Усилившаяся механизация производства, за которой последовало развитие производственной линии Форда и навязывание ограниченного набора повторяющихся действий тем, кто ее обслуживал, по-видимому, сделали заводских рабочих частью машин, за которыми они следили. С началом войны в 1914 году и развитием технологий убийства, которые сопровождали ее, очарование обернулось страхом. Единственное произведение искусства резюмировало этот сдвиг. В 1913 году британский скульптор Джейкоб Эпстайн создал триумфальную работу, в которой гуманоидная фигура – тело с острыми очертаниями и клювоподобным лицом – стояла верхом на треноге, сделанной из промышленного бурового станка. Задуманная как торжество современности и техники «Буровая установка» (The Rock Drill) была выставлена в таком виде только однажды, вскоре после создания. Когда в 1916 году ее снова представили публике, фигура радикально преобразилась, став одновременно мужественной и жалкой. Сохранились только туловище, голова и одна рука, и все это было отлито из бронзы. Эпстай ампутировал ключевые части человеко-машины, оставив ее неподвижной и бессильной, точно так же, как миллионы людей были искалечены и убиты ужасающим механическим оружием, которое производилось на огромных производственных линиях, а затем использовалось для уничтожения человеческих тел.

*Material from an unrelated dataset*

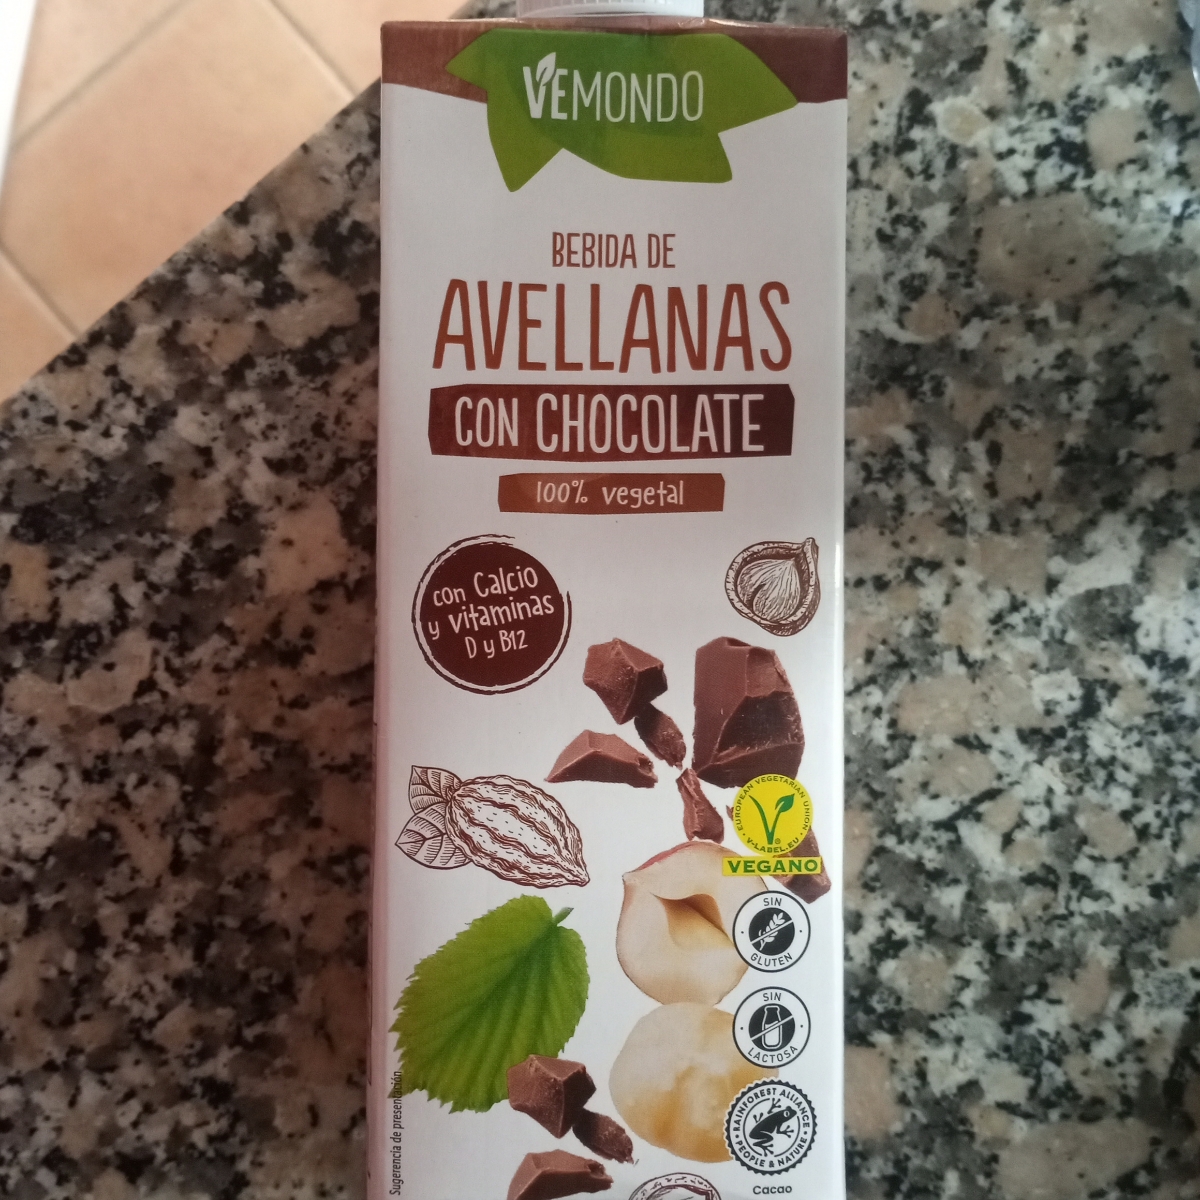 Vemondo Bebida de Avellanas Con Chocolate Reviews | abillion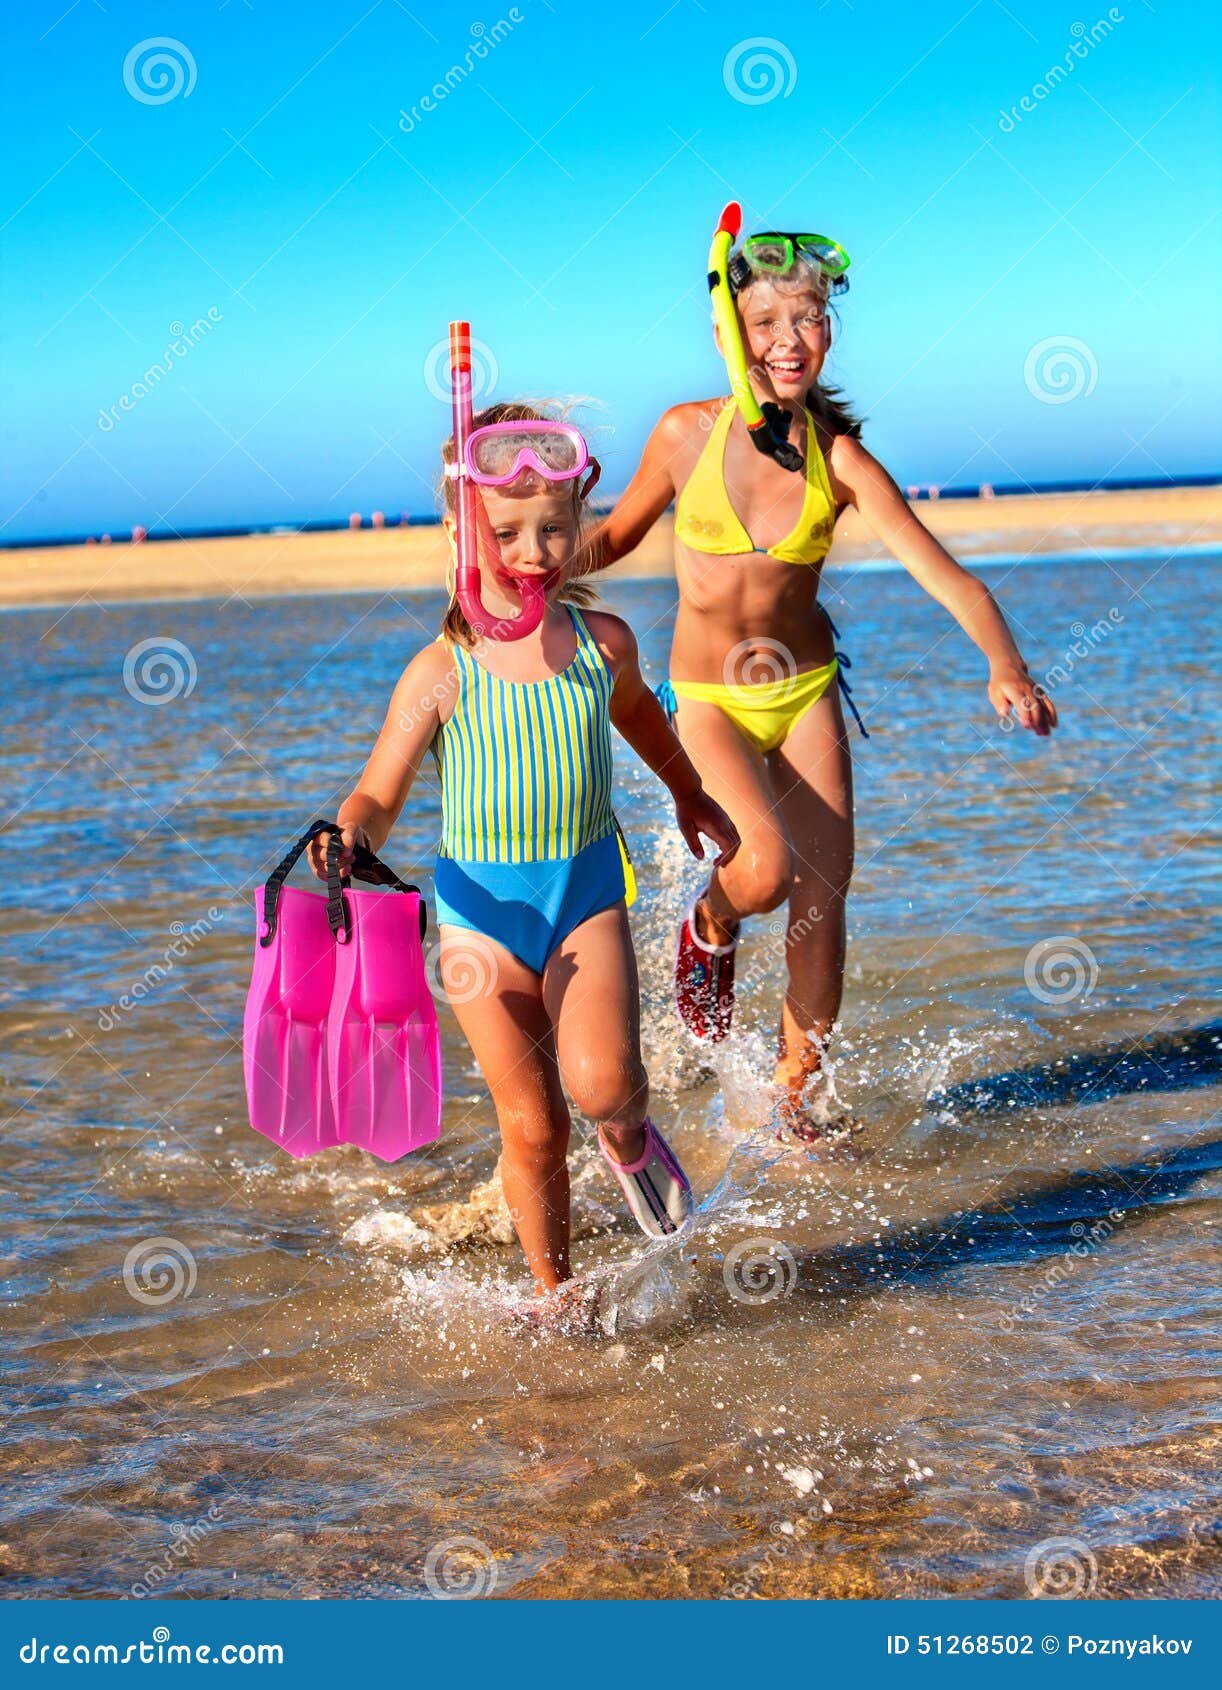 фото детей на голом пляже фото 81

Интерес к связи между людьми и машинами существенно вырос в 1900-е годы.
Несмотря на широко распространенную культурную двусмысленность в отношении связи между человеком и машиной, большинство ученых с энтузиазмом восприняли машинную метафору для объяснения работы наших тел. Рождественские лекции физиолога Арчибальда Хилла[160], прочитанные им в Королевском институте в 1926 году, проходили под названием «Живые машины». А в 1929 году американский нейробиолог Чарльз Джадсон Херрик[161] написал объемный труд о природе жизни под названием «Мыслящая машина» [3]. То, что ученые использовали аналогию с машинами, отчасти было ответом на попытку некоторых философов оттолкнуться от материалистических выводов последних научных открытий, в частности тех, что касались поведения, наследственности и развития. Подобные философские взгляды подразумевали возрождение витализма, объясняющего биологию не с помощью материалистических механизмов, а через некий уникальный духовный атрибут, общий для всех живых существ.
Витализм объяснял биологию не с помощью материального, а через духовный атрибут, общий для всех живых существ.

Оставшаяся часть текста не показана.